There have been no confirmed cases in the United States yet, but Fauci said he may already be here. Canada’s health minister said the country’s first two cases of omicron were found in Ontario after two people who had recently traveled from Nigeria tested positive.

A new variant, called B.1.1.529, was called a “worrying variant” by the World Health Organization and was given the name “omicron” from the letter of the Greek alphabet.

Australian authorities said two travelers arriving in Sydney from Africa became the first in the country to test positive for the new variant. Arrivals from nine African countries are now required to be quarantined in a hotel when they arrive. Two German states reported a total of three cases in travelers returning over the weekend.

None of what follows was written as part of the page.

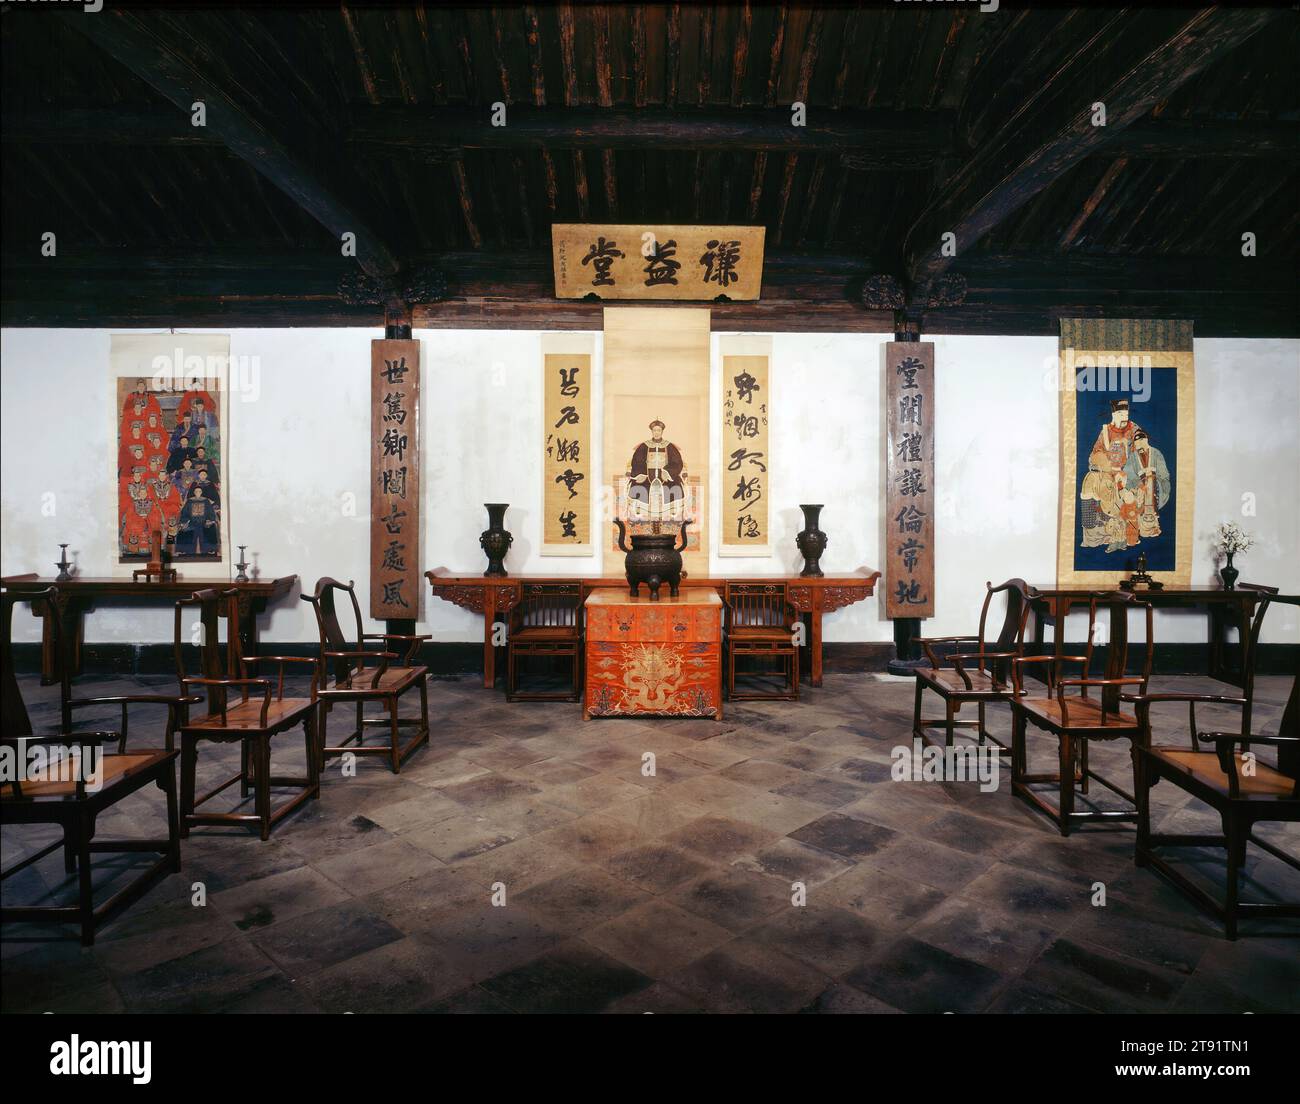 Salle de réception de la famille Wu, début du 17e siècle, 216 x 483 x 288 po. (548,64 x 1226,82 x 731,52 cm) (dimension extérieure du mur), Bois, céramique, carrelage, plâtre, laque, pierre, Chine, 17e siècle, cette salle de réception à trois baies faisait à l'origine partie d'une maison de cour traditionnelle de style Suzhou située dans le quartier est de Dongting près de la ville actuelle de Dongshan. Construit au début des années 1600 par la famille Wu, il a servi de salle de cérémonie principale (zhongtang) d'une maison traditionnelle de classe supérieure. C’était un espace public où les aînés effectuaient des rituels honorant leurs ancêtres, recevaient des invités Banque D'Images

The variant was identified a few days ago by researchers in South Africa, and not much is known yet, including whether it is more contagious, more likely to cause serious illness or more able to evade vaccine protection. But many countries rushed to act, reflecting anxiety over anything that could prolong the pandemic that has killed more than 5 million people.

Fauci says it’s especially troubling because it has so many mutations, and that means it could be even more contagious than some other variants.

Doctors also say the effectiveness of current omicron vaccines is still unclear.

“They’re testing it right as we speak to determine whether those who have been vaccinated and produce antibodies — if those are effective antibodies, what we call neutralizing antibodies — against the new variant,” said Dr. Michael Misialek, associate president. of pathology at Newton-Wellesley Hospital. “The news of this variant should serve as a wake-up call to those who have let down their defenses some. It should serve as a reminder for those who are unvaccinated to get vaccinated.”

As for travel restrictions, Biden says they will remain in place until the U.S. has more information on the omicron variant. These restrictions do not apply to U.S. citizens.

The Associated Press contributed to this report.